It will target self-directed fabricating stories, such as unscrupulous manipulation of trending social news, international and domestic news, and indiscriminate distribution of vulgar news to fool netizens and sabotage the internet environment.

Hyping of trendy social events will also be targeted, such as counterfeiting as relatives of people involved in certain popular social events or publishing distorted causality of an incident.

Publications with click-baits will be cracked down. For example, if a self-media describes a certain individual incident as a general phenomenon and exaggerates negative narratives to amplify negative emotions. Behaviors such as spreading extreme opinions, stirring up group opposition, and undermining social consensus will be targeted.

The CAC’s campaign requires platforms to verify ID numbers and other real identity information on profit-making accounts, with strict implementation of the "one account per person, two accounts per enterprise”.

The use of AI and other technology-generated information must also be clearly labeled as technology-generated to strengthen the display of information source labeling. The campaign asks self-media accounts to accurately indicate the source of information when publishing news related to domestic and international current affairs, public policies, social events, etc.

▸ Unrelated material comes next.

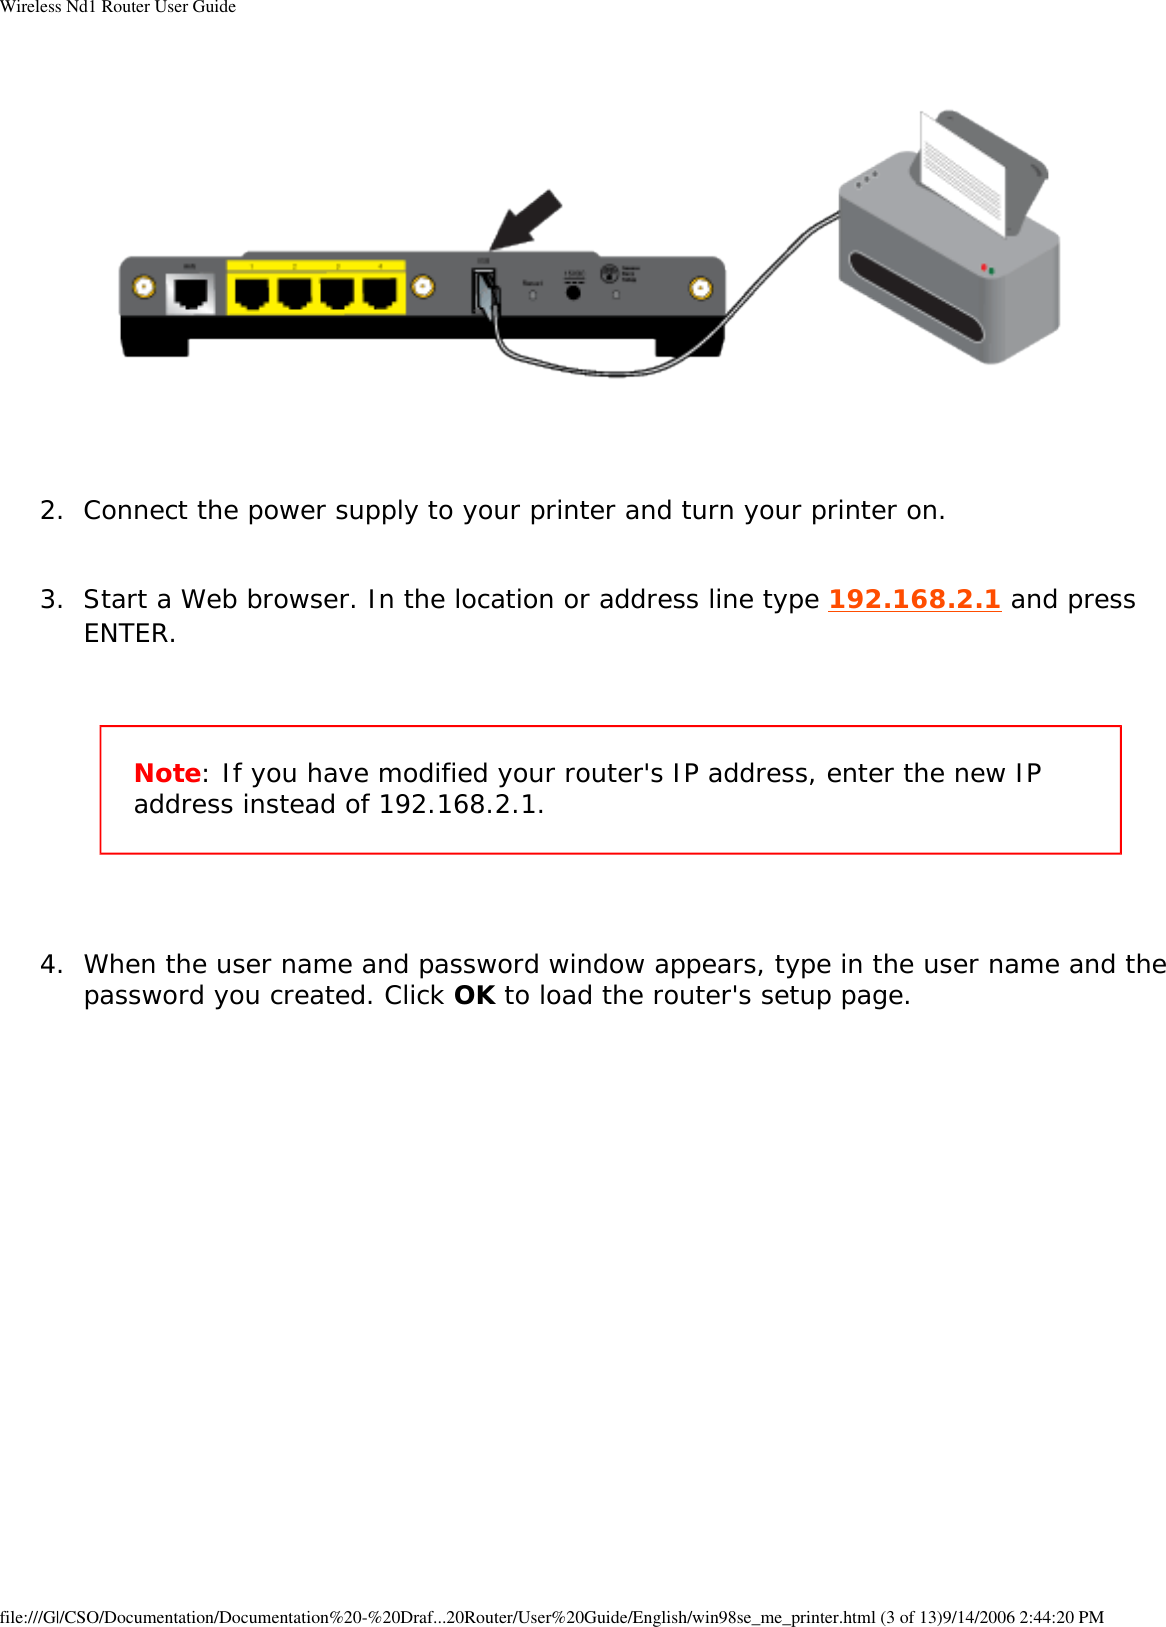 Page 37 of GemTek Technology R950630GN USRobotics Wireless Nd1 Router User Manual Wireless Nd1 Router User Guide

This campaign came after an internet influencer fabricated a false video claiming to have found a student's lost booklets of homework in Paris, which seriously "damaged the online ecosystem and wasted public resources." Later, the account was banned by several social media platforms.

Since December 2023, more than 1,500 people have been arrested in relation to online rumors, and more than 10,700 people have been handed administrative punishment, Xinhua News Agency quoted China's Ministry of Public Security as saying on April 17, 2024.